The Independent repeats Evans' claim that the hypnosis
had been done over three months, a period known as the "white fog" when the Los Angeles police task force later investigating the assassination - and trying to construct a meticulous timetable of Sirhan's activities up to the shooting - lost track of him.
Sergeant Bill Jordan, the detective who was Sirhan's first interrogator, told Evans: "We took him back for more than a year with some intensity - where he'd been, what he'd been doing, who he'd been seeing. But there was this 10- or 12-week gap, like a blanket of white fog we could never penetrate, and which Sirhan himself appeared to have a complete amnesia about."
In the last years of Bryan's life he was deeply depressed, and to ameliorate his misery he would boast about his famous subjects to his frequent prostitutes.
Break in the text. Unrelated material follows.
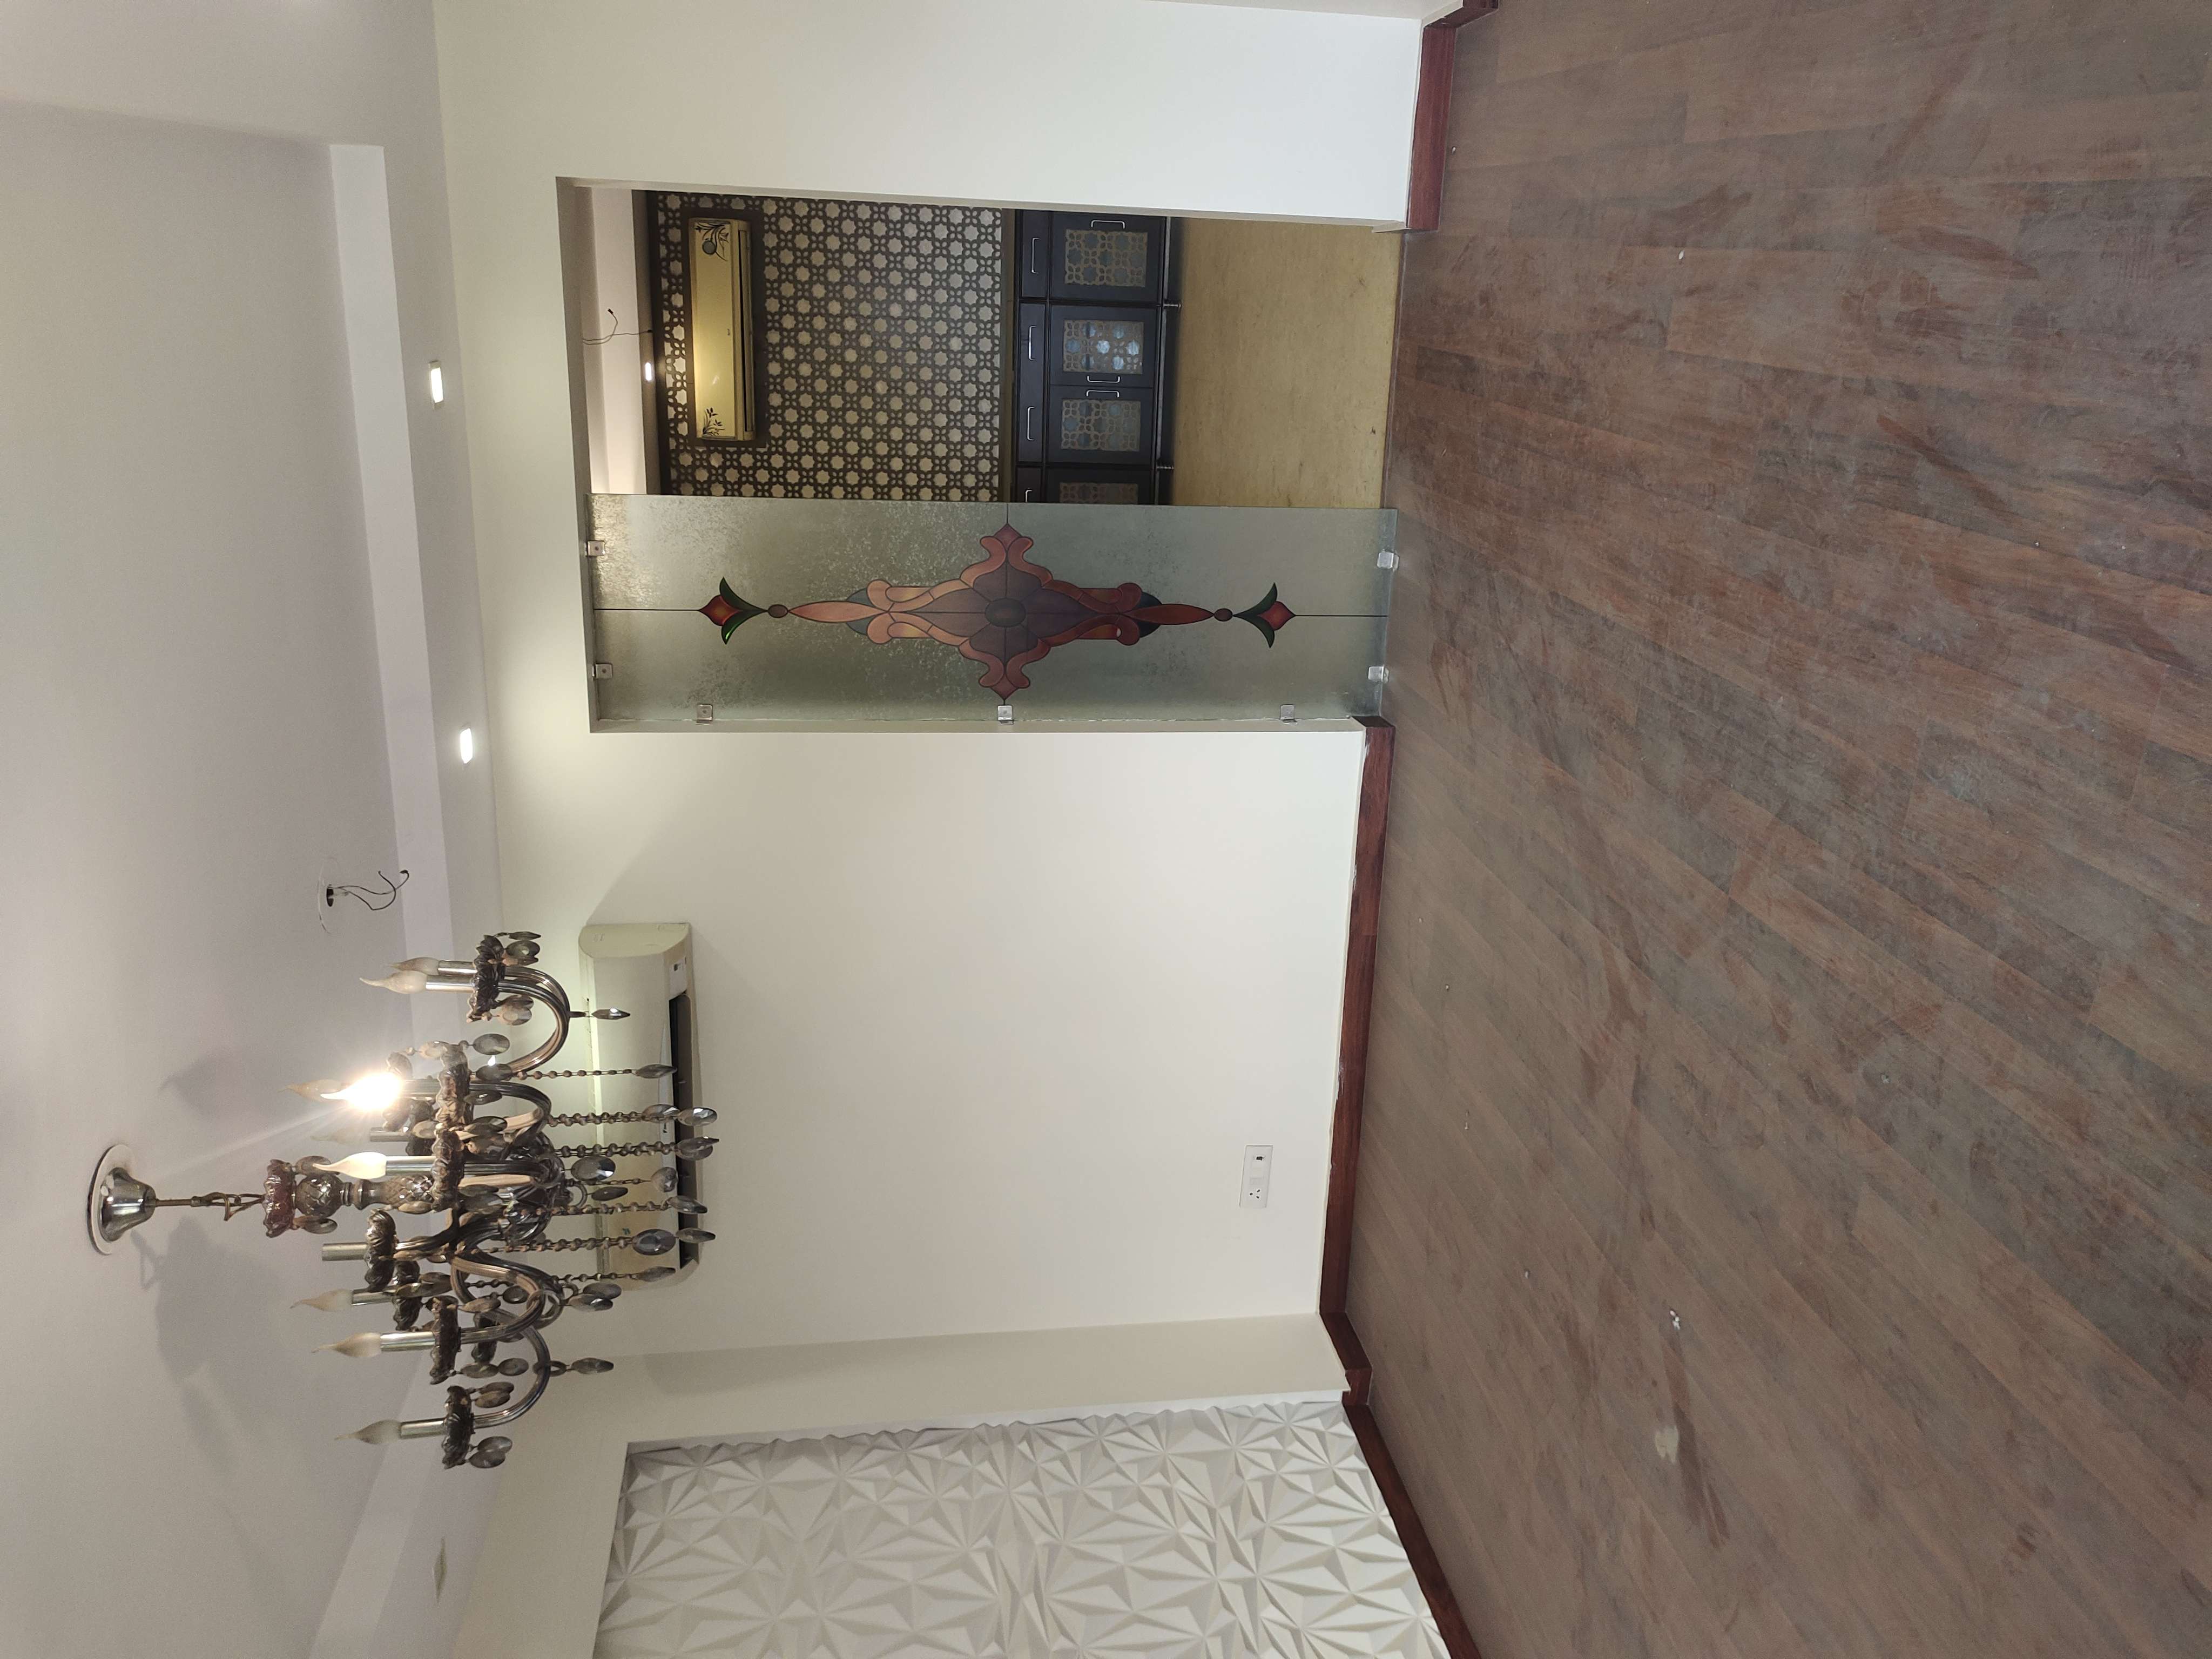 4 BHK Builder Floor For Rent in Kirti Nagar Delhi 6611452

Turner and Christian write:
In the spring of 1977 Bryan was found dead in a Las Vegas motel room, "from natural causes" the coroner said. (Curiously, this word was issued before the official autopsy.) Shortly thereafter we were put in contact with two Beverly Hills call girs who claim to have known Bryan intimately. They had been "servicing" him on an average of twice a week for four years, they said, and usually were present at the same time....
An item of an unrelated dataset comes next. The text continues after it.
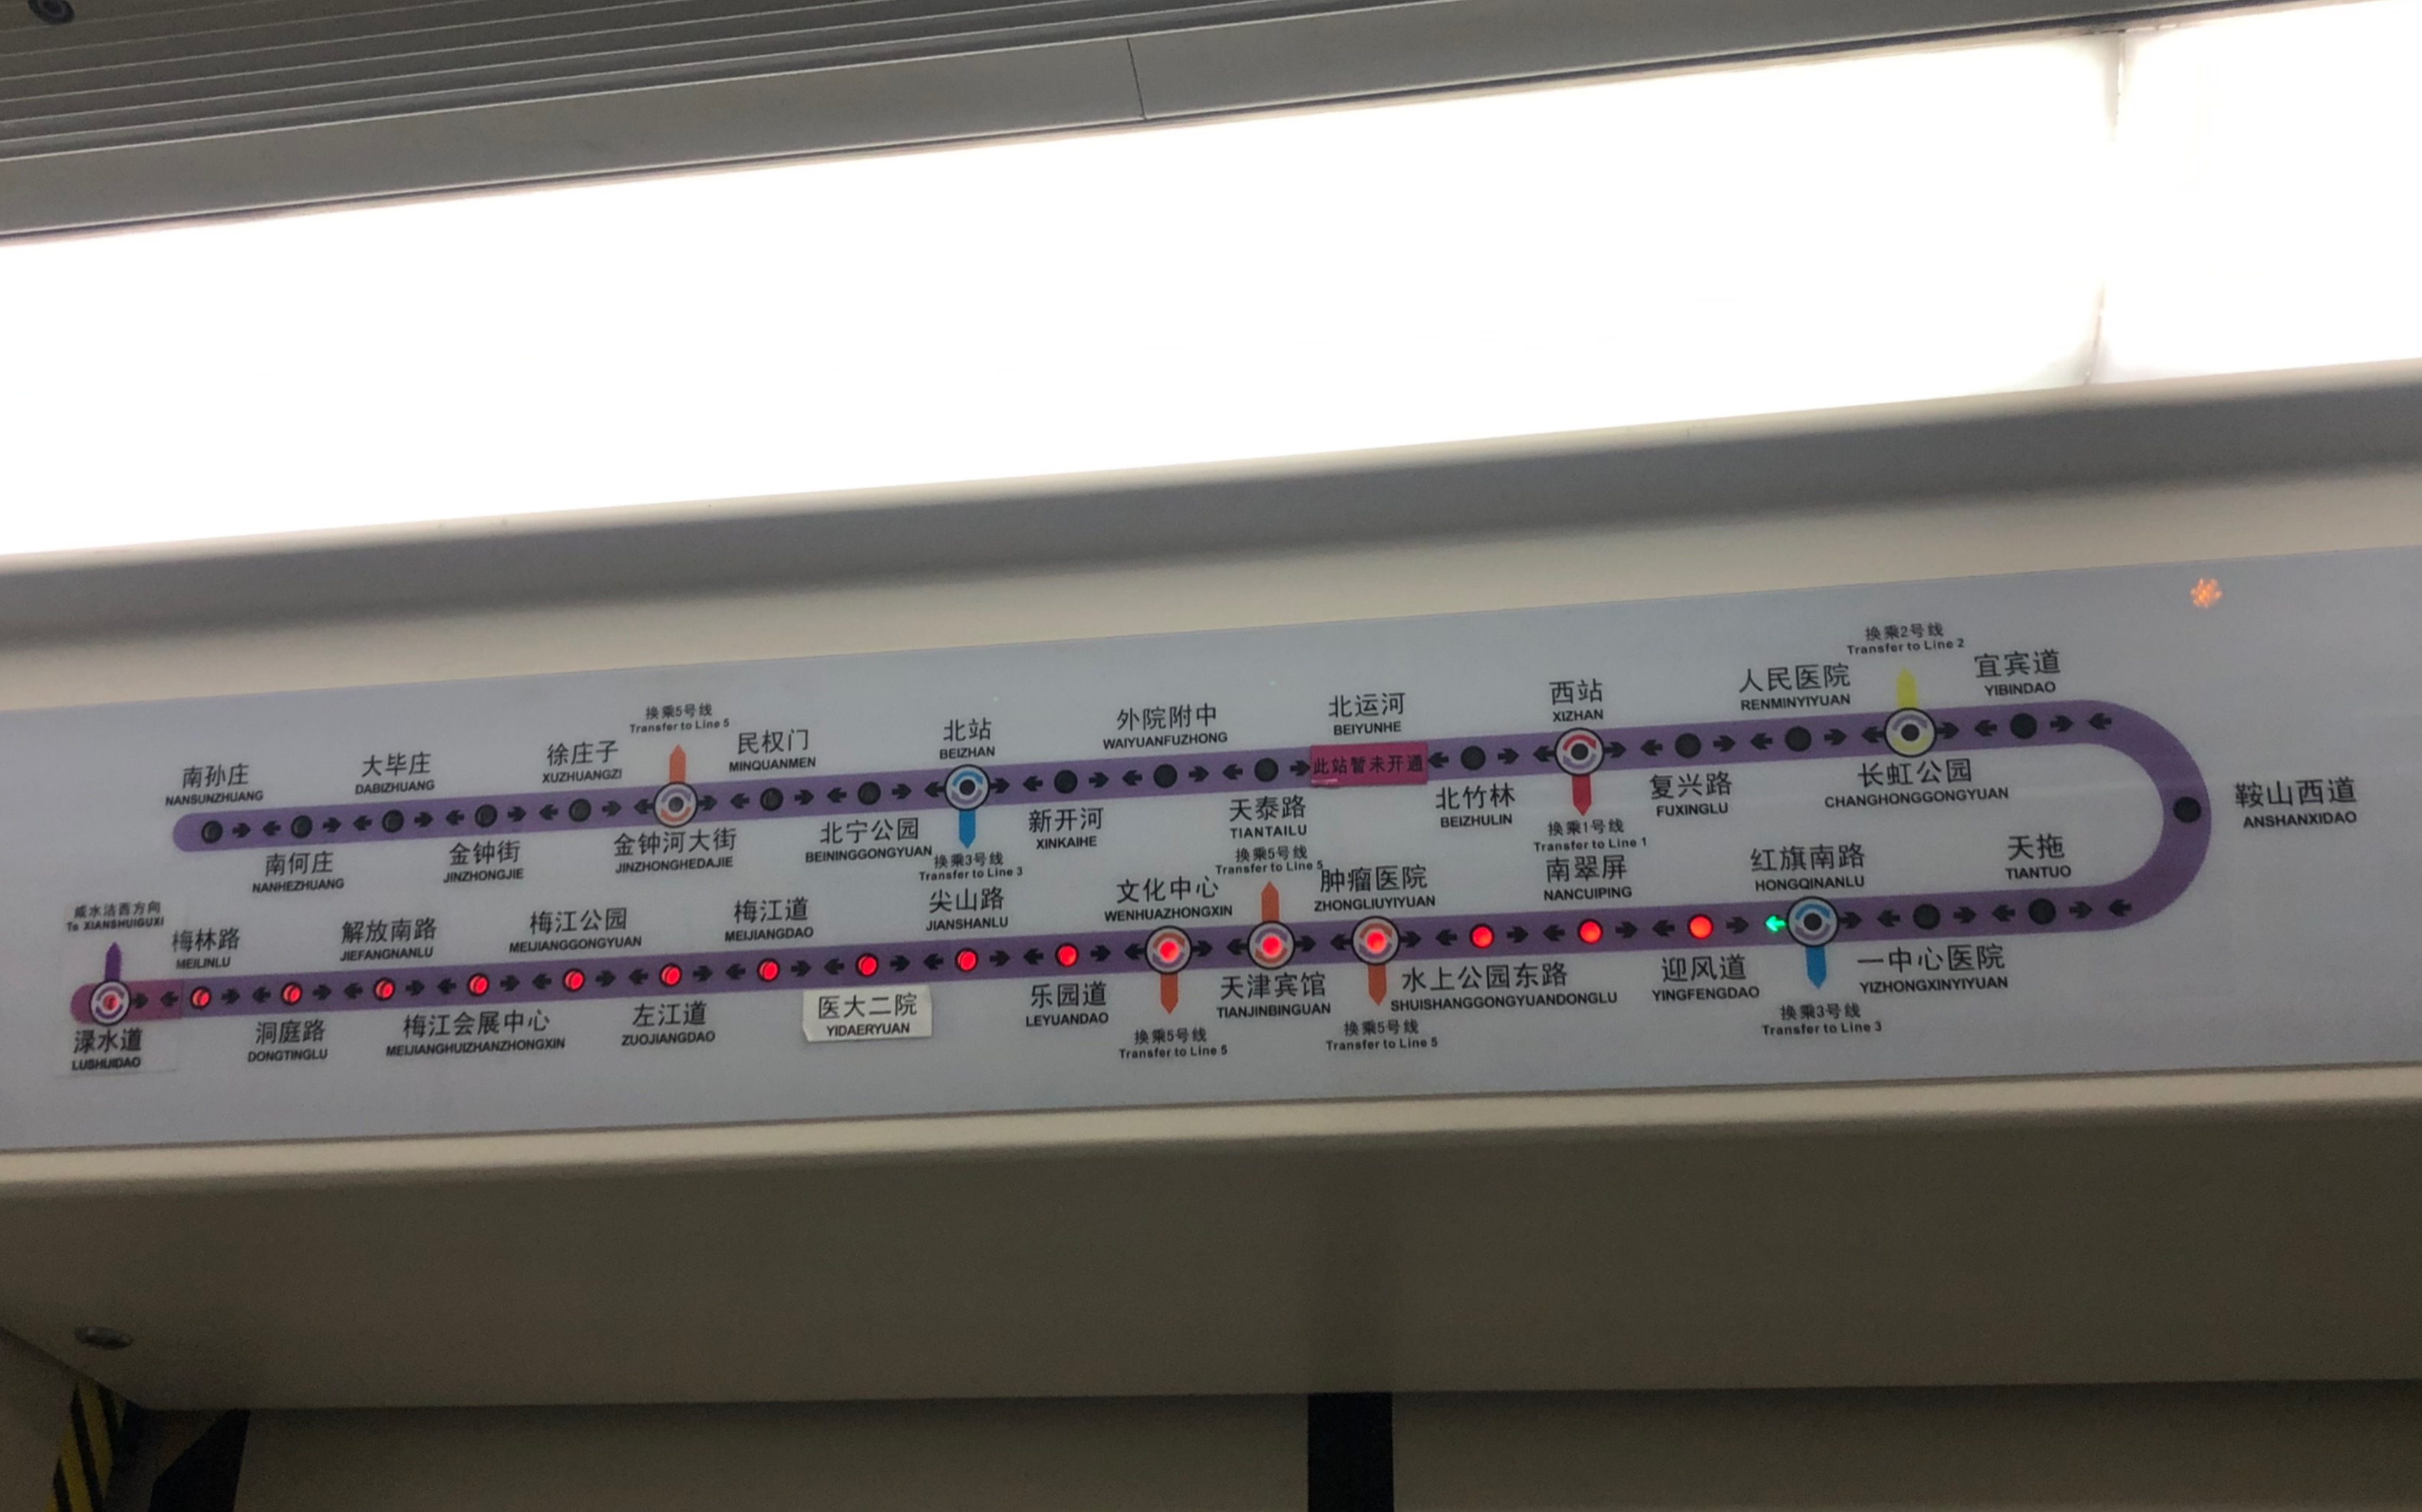 『天津地铁』6号线643车渌水道方向水上公园东路出站

The girls said that to relieve Bryan's depression they repeatedly titilated his enormous ego by getting him to "talk about all the famous people you've hypnotized." As if by rote Bryan would begin with his role of deprogramming Albert Di Salvo in the Boston Strangler case for F Lee Bailey, then boast that he had hypnotized Sirhan Sirhan. The girls didn't sense anything unusual in the Sirhan angle, for Bryan had told them many times that he "worked with the LAPD" on murder cases, and they didn't know that he had absolutely no contact with Sirhan following the assassination. Once of the girls though that Bryan had mentioned James Earl Ray once, but wasn't sure. But both girls were certain of the name Sirhan Sirhan.
Bryan's having worked with Di Salvo, and having often boasted of it, says much. Because in Sirhan's notebooks of automatic writing, which contain the trance-induced repeated phrase "Robert F Kennedy must be assassinated," there is also this peculiar passage: "God help me...please help me. Salvo Di Di Salvo Die S Salvo."
When we asked Sirhan about the Di Salvo entry in his notebook, he replied that the name was entirely foreign to him. Was it possible that Bryan had placed Sirhan in a trance state and, given his propensity to boast constantly about the Boston Strangler case, repeated Di Salvo's name over and over - thus etching it into Sirhan's subconscious? In any case, Sirhan would not remember either the circumstances of his exposure to the name or who mentioned it.
The Independent suggests Nemesis could reopen the case. The actor Robert Vaughn, a close friend of Bobby Kennedy's who has long held he was murdered by a conspiracy, wrote to Sirhan that "some are talking of it opening the door to a long overdue federal investigation."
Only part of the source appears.